La Rotonde des arts contemporains d’Abidjan-Plateau accueille, depuis le jeudi 7 décembre, pour sa dernière de l’année, l’expo d’une figure tutélaire des arts visuels ivoiriens, avec la féminité trônant en reine.
Après cinq années d’absence qui ne l’ont guère empêché de créer, James Kadio Houra renoue avec les cimaises. A travers une exposition intitulée « Des sourires et des femmes », le plasticien, icône des arts visuels ivoiriens, africains ou tout simplement contemporains, ne rompt point les amarres avec son thème préféré d’exaltation de la beauté féminine.
En tout cas, le vernissage de l’exposition, le jeudi 7 décembre, à la Rotonde des arts contemporains d’Abidjan-Plateau, sous la présidence du ministre de la Culture et de la Francophonie, Maurice Bandaman, a donné de (re) voir une palette toujours aussi flamboyante qu’elle l’est depuis quatre décennies, ainsi qu’une ode à la vie dont la femme est la matrice.
Le commissaire de l’expo, Pr Yacouba Konaté, philosophe et critique d’art, face à la touche sui generis de son pinceau, confiera: « Voici James Houra, le peintre du pagne et le peintre des femmes et du sourire. Sous son chapeau, comme devant un miroir, la femme chez James Houra est belle et élégante. Son sourire est éclatant, à la dimension des faisceaux qui morcellent son doux visage. Les sourires, il y en a de tous les genres. Celui des femmes de James Houra n’est pas celui de la Joconde. Ici, point de mystère ni de multiplicité des points de vue. Du sourire, Saint-Exupéry a dit : « L’essentiel, le plus souvent, n’a point de poids. L’essentiel ici, en apparence, n’a été qu’un sourire. Un sourire est souvent l’essentiel. On est payé par un sourire. On est récompensé par un sourire. On est animé par un sourire. Et la qualité d’un sourire peut faire que l’on meure ». Ou, a contrario, que l’on vive, ressuscite même avec la magie picturale et la chaleur chromatique du maître James Houra.
Matrice sociétale
De « Beauté Akan » à « Scène de marché », en passant par « La vendeuse au chapeau », « La mère et l’enfant » ou encore « Le regard », le regard de l’esthète comme du spectateur lambda laisse percevoir une vie enchantée, à labour comme en farniente. Le tout mettant en lumière les parures et surtout le textile africain, le kinté (kita), ce pagne traditionnel akan dont la géométrie sur fond de damier constitue le champ de fond des créations.
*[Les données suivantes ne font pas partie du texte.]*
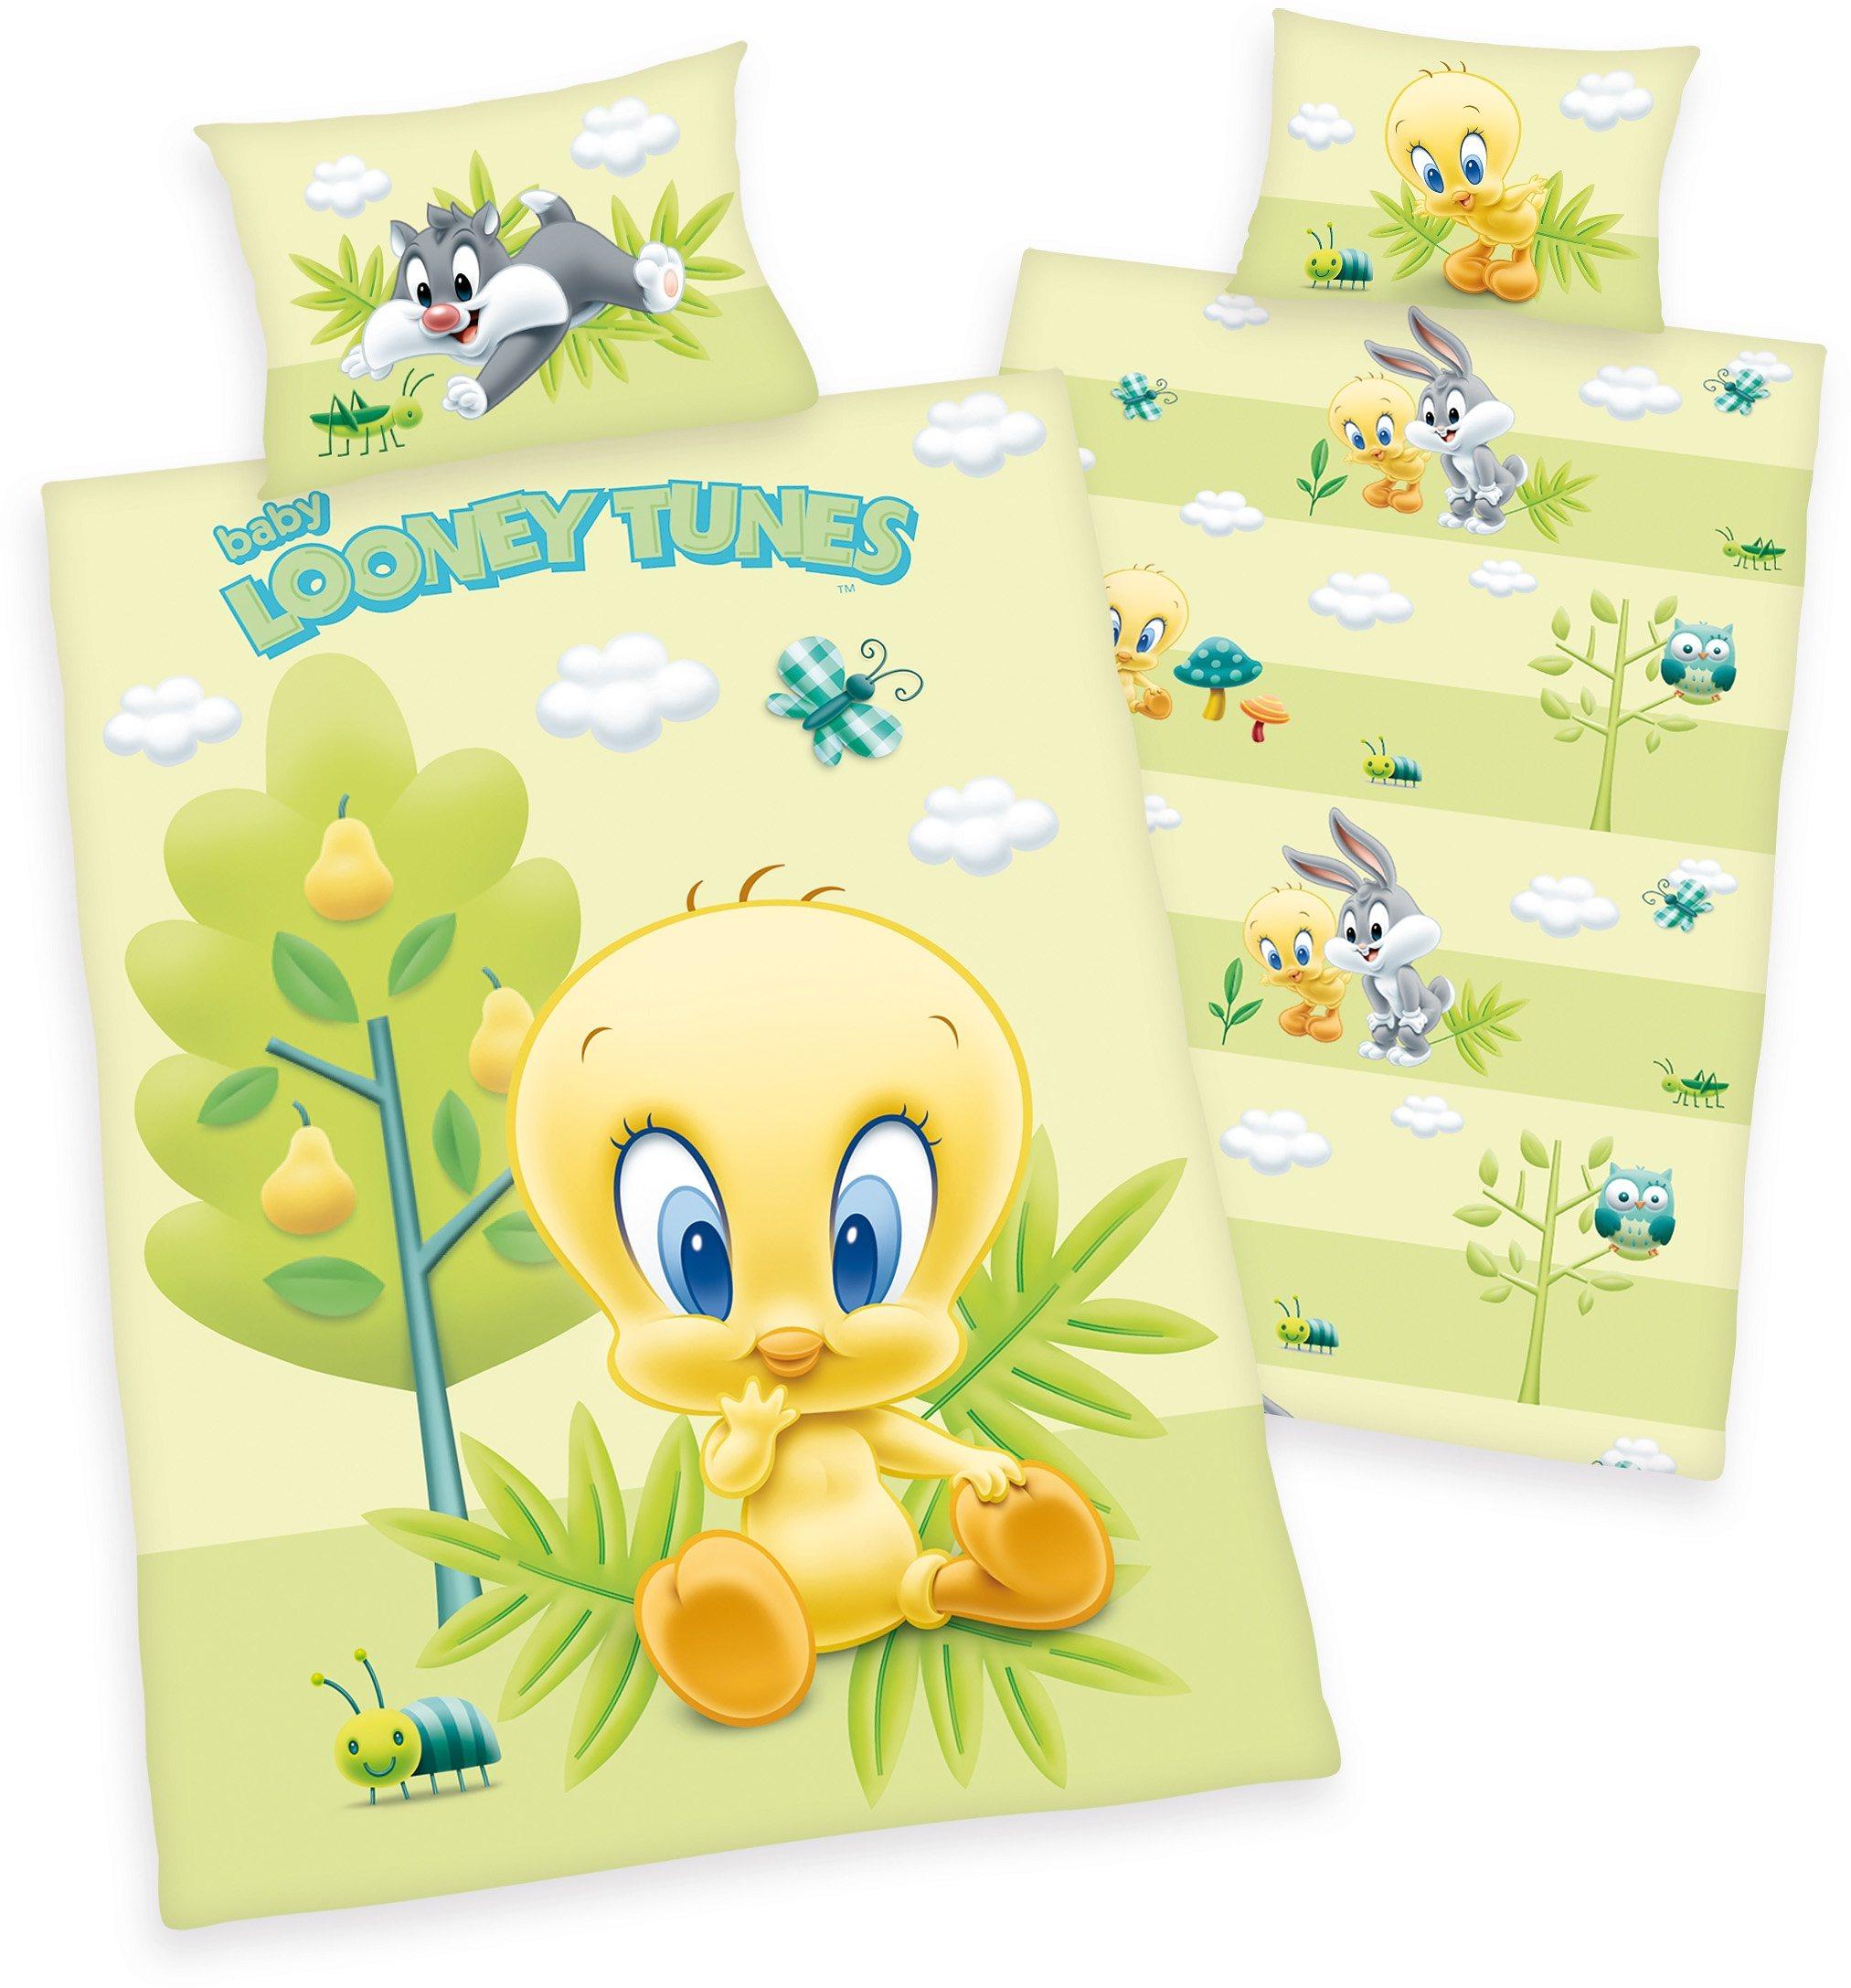 Kinderbettwäsche »Looney Tunes«, LOONEY TUNES, mit Baby Looney Tunes | Kinderzimmer | LOONEY TUNES

Faut-il le noter avec Yacouba Konaté, à la différence des peintres populaires, James Houra applique à ses sujets une écriture figurative-informelle qui, par son exigence et son niveau de langue, les émancipe de leur contexte social. Ainsi, le peintre de la femme au sourire devient le chroniqueur des scènes sociales abidjanaises et ivoiriennes. Ainsi donc, sans la déifier ni la réifier, James Houra fait de la femme un être de contemplation sociétale en en étant la matrice. Mère, épouse, sœur, fille, elle l’est, tout en une.
« Immortel », membre de l’Académie des arts, des sciences, des cultures d’Afrique et des diasporas africaines (Ascad), l’ancien directeur des Beaux-arts d’Abidjan, actuel inspecteur général du ministère de la Culture et de la Francophonie ne pouvait que réunir tout le gotha des arts et de la culture du pays à son vernissage.
Public qui, bien évidemment, n’avait d’autre choix que l’allégeance à l’immensité de son talent. Et devant une écriture bien singulière. Dans celle-ci, il fragmente son espace pictural avec de petites figures géométriques, dans la logique structurelle du kaléidoscope. D’aucuns nomment son écriture le «style en damier». Son langage, accessible, est apprécié des amateurs.
Docteur en histoire de l’art, James Houra a été président de l’Association des artistes plasticiens de Côte d’Ivoire. Il a participé à diverses expositions nationales et internationales. Ses œuvres figurent dans de nombreuses collections publiques et privées. En 2004, son grand tableau, «L’Offrande», a remplacé une œuvre de Bernard Buffet au salon d’honneur du Palais présidentiel d’Abidjan-Plateau.